While I realize this is not going to happen! What I would encourage Mr. Brown to do, is to admit the mistake, apologize remove the item from sale or maybe send Mr. Joyner a royalty. That might go a long way.

One other thought is to encourage other actual manufactures to pull their products from him. Trust me they would not be hurt. I may be wrong but I don't think his piece of the pie is that large.

So basically the choice to make, ignore and condone or take a stand, Every one can make their own decision for whats right for them.

I have made my choice, all have a great day ya'll.


----------



## Dan Masshardt

BJohn said:


> Well as much as I wanted to just let my part of this discussion die. I can't.  But promise this will be be my last comment. (like anyone cares) But I will move on to more positive discussions.  I Don't want people to think I am on the "warpath" Because I am not, I am just stating my opinion. Which may give others that are so inclined some ideas.  While I realize this is not going to happen! What I would encourage Mr. Brown to do, is to admit the mistake, apologize remove the item from sale or maybe send Mr. Joyner a royalty. That might go a long way.  One other thought is to encourage other actual manufactures to pull their products from him. Trust me they would not be hurt. I may be wrong but I don't think his piece of the pie is that large.  So basically the choice to make, ignore and condone or take a stand, Every one can make their own decision for whats right for them.  I have made my choice, all have a great day ya'll.
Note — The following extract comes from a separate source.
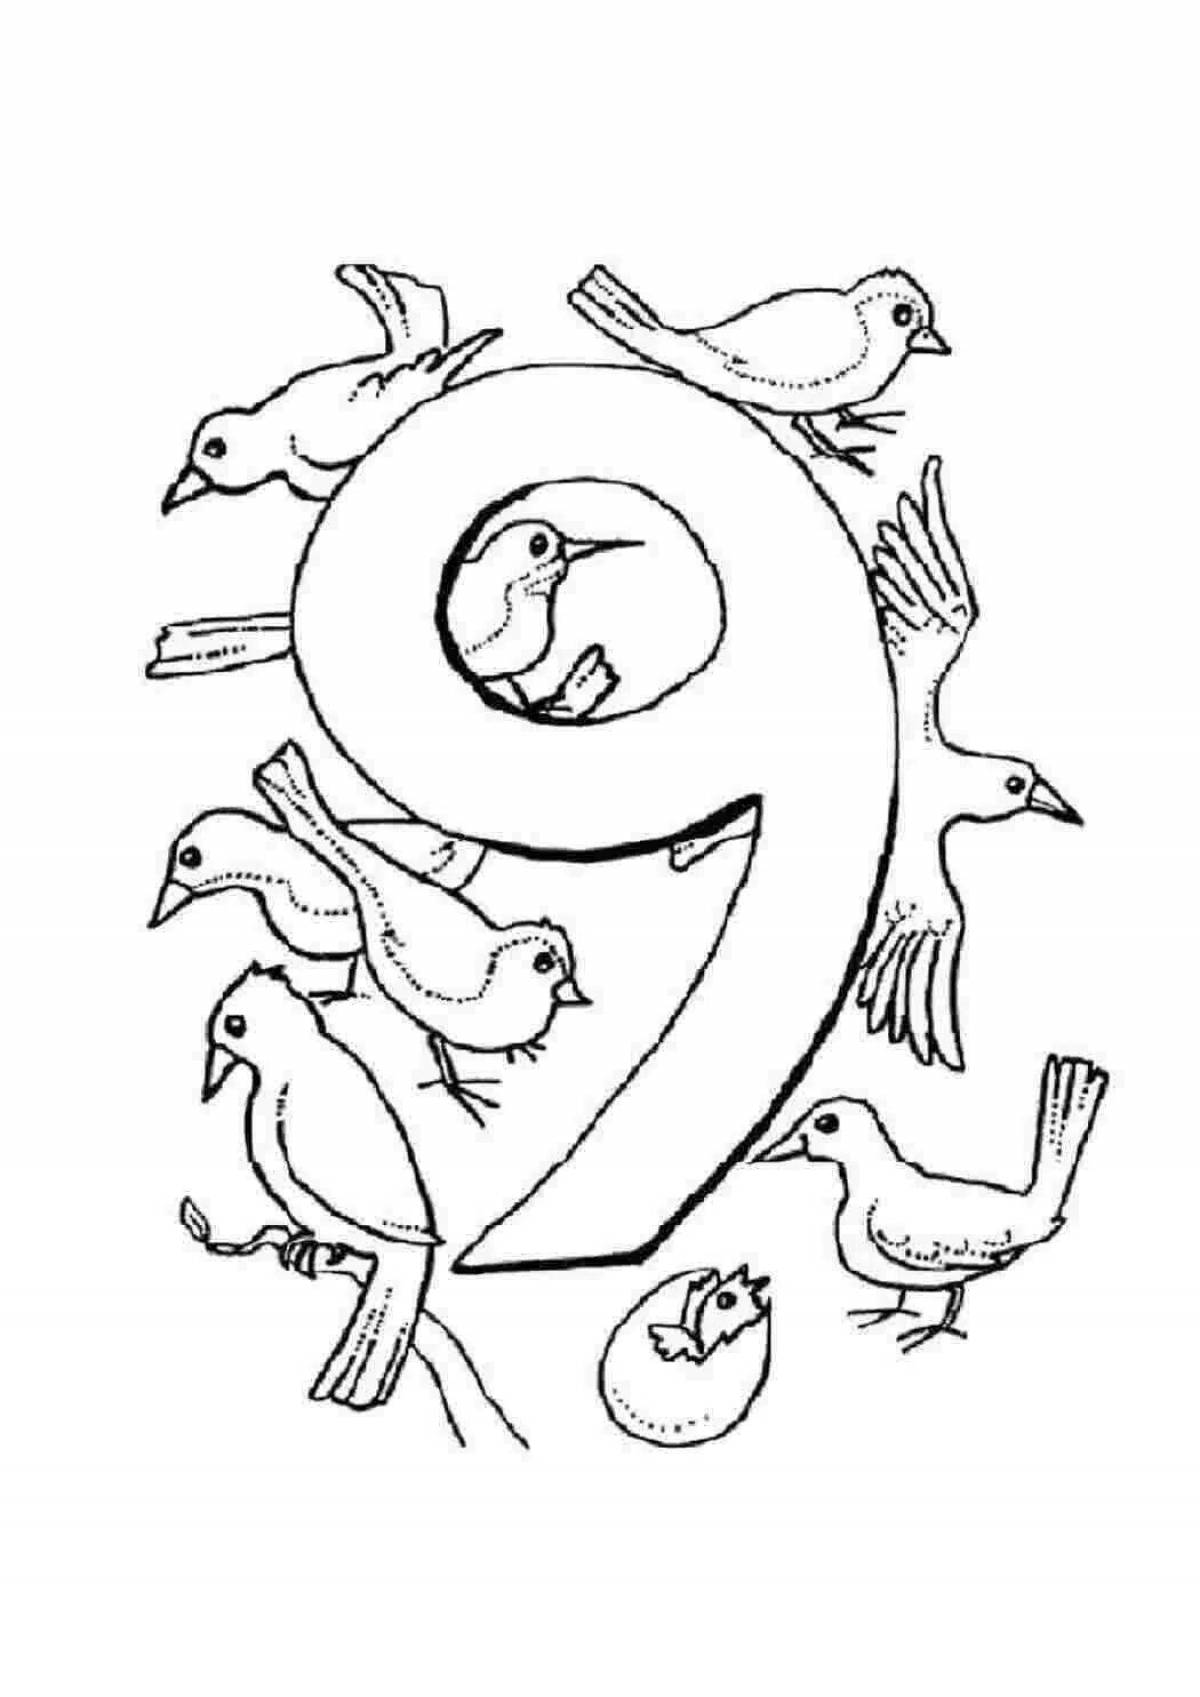 Fun coloring pages with animal shaped page numbers

Good comment!  I prob chose a poor word in 'warpath' as it's somewhat negatively connotated.  

I would not fault anybody for taking active efforts to let others know what's going on.    It would prob be good if more people took an active role.


----------



## edstreet

tjseagrove said:


> It may not be patented but it definitely would fall under copyright law.  Copyright exists when something is created even without it being registered.  A direct copy would be copyright infringement and a lawyer who specializes in this part of law should be consulted as we here most likely know enough to get ourselves in trouble...
> 271



Incorrect.  This chuck does not fall under copyright laws, you might want to brush up on patent/trademark/copyright laws.

copyright = published/unpublished works.
trademark = symbol, logo, name.
patent = invention, an object, process, that was developed.


----------



## dogcatcher

Quite a bit of the overall design was contributed by some people from IAP.  But even that idea came from here.  Turned Jewellery - The Woodworkers Institute

If I remember correctly someone made the first pendants using a screw chuck and it kind of snowballed from there.   Then Joyner added the indexing and refined it to what his chuck is today.  Until I bought the chuck from Joyner, I used a PSI bottle stopper chuck with a piece of round aluminum that I had drilled and tapped.  Prior to that I used a piece of Corian for my "off set face plate" with the PSI bottle chuck.  Sometimes I still use them both if I am only making simple pendants.


----------



## KenV

There have been a raft of off center jigs  -- 

PSI has the CSC600 which was developed by and individual an then was taken over for marketing by PSI -  

Axminister has an off center chuck that fits into a 4 jaw scroll chuck jaws that does many of the same functions

There is the piece of board between two jaws on a scroll chuck and the board is moved for the offset --  I use a Super Nova 2 with 2 100mm  opposing jaws.   

Gary Ransom sells a DVD to teach you how to make a jig that fits in the scroll chuck jaws  The Ransom approach allows shaping of both sides of the items being turned.

and others....


How close does it need to be before it is a knock off -    For another example the Steb drives were patented and licensed to Sorby -- and knocked off quickly and there was some legal mumbo-jumbo and settlement.  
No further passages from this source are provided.